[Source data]
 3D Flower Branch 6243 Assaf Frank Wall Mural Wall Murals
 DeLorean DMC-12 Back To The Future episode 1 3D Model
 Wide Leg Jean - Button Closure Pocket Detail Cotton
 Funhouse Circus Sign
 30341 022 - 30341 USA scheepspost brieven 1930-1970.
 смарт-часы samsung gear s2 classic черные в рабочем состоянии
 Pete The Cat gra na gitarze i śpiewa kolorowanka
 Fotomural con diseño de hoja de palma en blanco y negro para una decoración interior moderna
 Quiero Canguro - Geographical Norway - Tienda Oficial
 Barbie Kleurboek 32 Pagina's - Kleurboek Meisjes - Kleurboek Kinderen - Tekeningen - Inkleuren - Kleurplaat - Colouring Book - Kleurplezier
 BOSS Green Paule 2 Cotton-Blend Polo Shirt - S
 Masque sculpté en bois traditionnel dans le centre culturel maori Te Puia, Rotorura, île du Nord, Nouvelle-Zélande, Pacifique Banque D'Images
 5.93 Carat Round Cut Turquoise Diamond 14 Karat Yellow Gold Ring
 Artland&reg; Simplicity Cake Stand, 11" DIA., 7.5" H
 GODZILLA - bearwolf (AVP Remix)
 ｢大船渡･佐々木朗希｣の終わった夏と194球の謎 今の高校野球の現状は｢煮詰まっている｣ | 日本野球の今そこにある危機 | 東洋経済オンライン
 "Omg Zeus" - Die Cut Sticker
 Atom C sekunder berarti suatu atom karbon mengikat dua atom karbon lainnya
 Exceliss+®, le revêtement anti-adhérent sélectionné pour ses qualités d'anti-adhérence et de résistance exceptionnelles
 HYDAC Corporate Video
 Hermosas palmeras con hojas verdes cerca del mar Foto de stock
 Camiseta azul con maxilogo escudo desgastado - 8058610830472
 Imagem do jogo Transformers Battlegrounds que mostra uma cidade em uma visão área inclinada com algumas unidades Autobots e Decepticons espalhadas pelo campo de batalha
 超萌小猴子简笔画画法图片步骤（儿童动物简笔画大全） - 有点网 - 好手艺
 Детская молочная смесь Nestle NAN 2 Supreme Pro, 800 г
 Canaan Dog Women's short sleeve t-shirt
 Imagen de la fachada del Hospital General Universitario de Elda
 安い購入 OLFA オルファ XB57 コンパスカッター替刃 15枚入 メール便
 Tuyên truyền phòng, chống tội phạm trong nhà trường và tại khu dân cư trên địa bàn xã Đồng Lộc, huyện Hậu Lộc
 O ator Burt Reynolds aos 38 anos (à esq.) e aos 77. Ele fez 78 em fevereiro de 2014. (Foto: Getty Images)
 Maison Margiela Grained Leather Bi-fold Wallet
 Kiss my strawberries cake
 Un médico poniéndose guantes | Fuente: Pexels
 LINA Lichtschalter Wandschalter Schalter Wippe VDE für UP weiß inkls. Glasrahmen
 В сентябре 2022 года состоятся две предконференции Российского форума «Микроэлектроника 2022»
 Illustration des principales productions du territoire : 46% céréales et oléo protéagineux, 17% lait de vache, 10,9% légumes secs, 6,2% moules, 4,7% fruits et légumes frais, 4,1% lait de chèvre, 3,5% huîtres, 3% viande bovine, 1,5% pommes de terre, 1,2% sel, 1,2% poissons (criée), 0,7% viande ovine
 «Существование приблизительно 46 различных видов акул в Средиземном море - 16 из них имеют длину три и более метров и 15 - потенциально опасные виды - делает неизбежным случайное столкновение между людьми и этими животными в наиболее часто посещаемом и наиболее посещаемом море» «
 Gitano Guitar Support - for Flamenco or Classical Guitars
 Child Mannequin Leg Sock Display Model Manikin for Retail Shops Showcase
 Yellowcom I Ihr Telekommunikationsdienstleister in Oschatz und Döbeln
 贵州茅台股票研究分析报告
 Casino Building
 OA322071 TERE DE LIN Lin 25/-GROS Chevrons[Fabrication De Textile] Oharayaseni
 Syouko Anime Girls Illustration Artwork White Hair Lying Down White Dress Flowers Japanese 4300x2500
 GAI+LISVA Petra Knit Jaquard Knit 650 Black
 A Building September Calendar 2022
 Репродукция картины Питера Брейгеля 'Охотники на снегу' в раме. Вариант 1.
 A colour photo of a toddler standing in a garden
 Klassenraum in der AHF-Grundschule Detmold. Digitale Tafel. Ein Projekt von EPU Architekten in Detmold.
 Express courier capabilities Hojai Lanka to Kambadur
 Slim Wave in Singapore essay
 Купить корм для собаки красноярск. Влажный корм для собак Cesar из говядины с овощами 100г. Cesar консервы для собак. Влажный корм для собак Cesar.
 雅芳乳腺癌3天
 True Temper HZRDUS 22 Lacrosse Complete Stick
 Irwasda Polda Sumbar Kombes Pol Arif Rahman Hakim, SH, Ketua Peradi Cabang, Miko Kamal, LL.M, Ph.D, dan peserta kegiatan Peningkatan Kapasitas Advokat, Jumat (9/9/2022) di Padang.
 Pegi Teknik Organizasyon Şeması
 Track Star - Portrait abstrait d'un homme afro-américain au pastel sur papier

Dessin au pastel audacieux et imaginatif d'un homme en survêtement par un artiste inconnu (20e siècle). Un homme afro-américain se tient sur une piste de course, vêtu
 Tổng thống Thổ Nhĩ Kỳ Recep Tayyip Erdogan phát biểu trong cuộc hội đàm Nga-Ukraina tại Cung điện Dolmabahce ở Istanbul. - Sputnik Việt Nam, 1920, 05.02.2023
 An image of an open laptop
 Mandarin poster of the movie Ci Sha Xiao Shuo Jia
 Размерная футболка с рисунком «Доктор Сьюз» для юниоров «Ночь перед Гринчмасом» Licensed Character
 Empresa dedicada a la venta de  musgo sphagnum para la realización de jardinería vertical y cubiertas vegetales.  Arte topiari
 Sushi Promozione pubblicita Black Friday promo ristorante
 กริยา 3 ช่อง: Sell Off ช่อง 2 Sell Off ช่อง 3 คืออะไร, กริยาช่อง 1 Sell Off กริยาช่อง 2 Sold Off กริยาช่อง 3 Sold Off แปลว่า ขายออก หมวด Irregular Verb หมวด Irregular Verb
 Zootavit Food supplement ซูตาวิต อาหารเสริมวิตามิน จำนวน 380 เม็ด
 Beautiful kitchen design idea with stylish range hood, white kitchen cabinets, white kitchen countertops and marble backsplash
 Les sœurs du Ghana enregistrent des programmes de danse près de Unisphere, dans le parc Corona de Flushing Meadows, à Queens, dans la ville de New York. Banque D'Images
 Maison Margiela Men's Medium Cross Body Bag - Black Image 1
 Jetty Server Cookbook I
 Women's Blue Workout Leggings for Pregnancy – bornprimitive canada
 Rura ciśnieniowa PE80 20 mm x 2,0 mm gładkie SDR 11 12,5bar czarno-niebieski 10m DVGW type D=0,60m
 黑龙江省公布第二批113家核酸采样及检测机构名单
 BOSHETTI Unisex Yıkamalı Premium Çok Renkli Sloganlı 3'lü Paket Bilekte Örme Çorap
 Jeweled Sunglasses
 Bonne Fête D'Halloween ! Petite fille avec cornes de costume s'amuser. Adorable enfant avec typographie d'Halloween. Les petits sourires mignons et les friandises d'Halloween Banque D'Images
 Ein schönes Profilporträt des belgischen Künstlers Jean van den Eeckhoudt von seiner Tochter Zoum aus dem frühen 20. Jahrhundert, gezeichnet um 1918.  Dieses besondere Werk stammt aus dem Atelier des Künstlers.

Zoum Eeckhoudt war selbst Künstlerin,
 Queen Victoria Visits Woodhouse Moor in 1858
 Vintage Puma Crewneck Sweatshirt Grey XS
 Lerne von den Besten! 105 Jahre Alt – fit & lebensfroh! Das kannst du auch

### Work request:
How many lines in the data contain "Women"? Answer with the number alone.

### Answer for this exercise:
2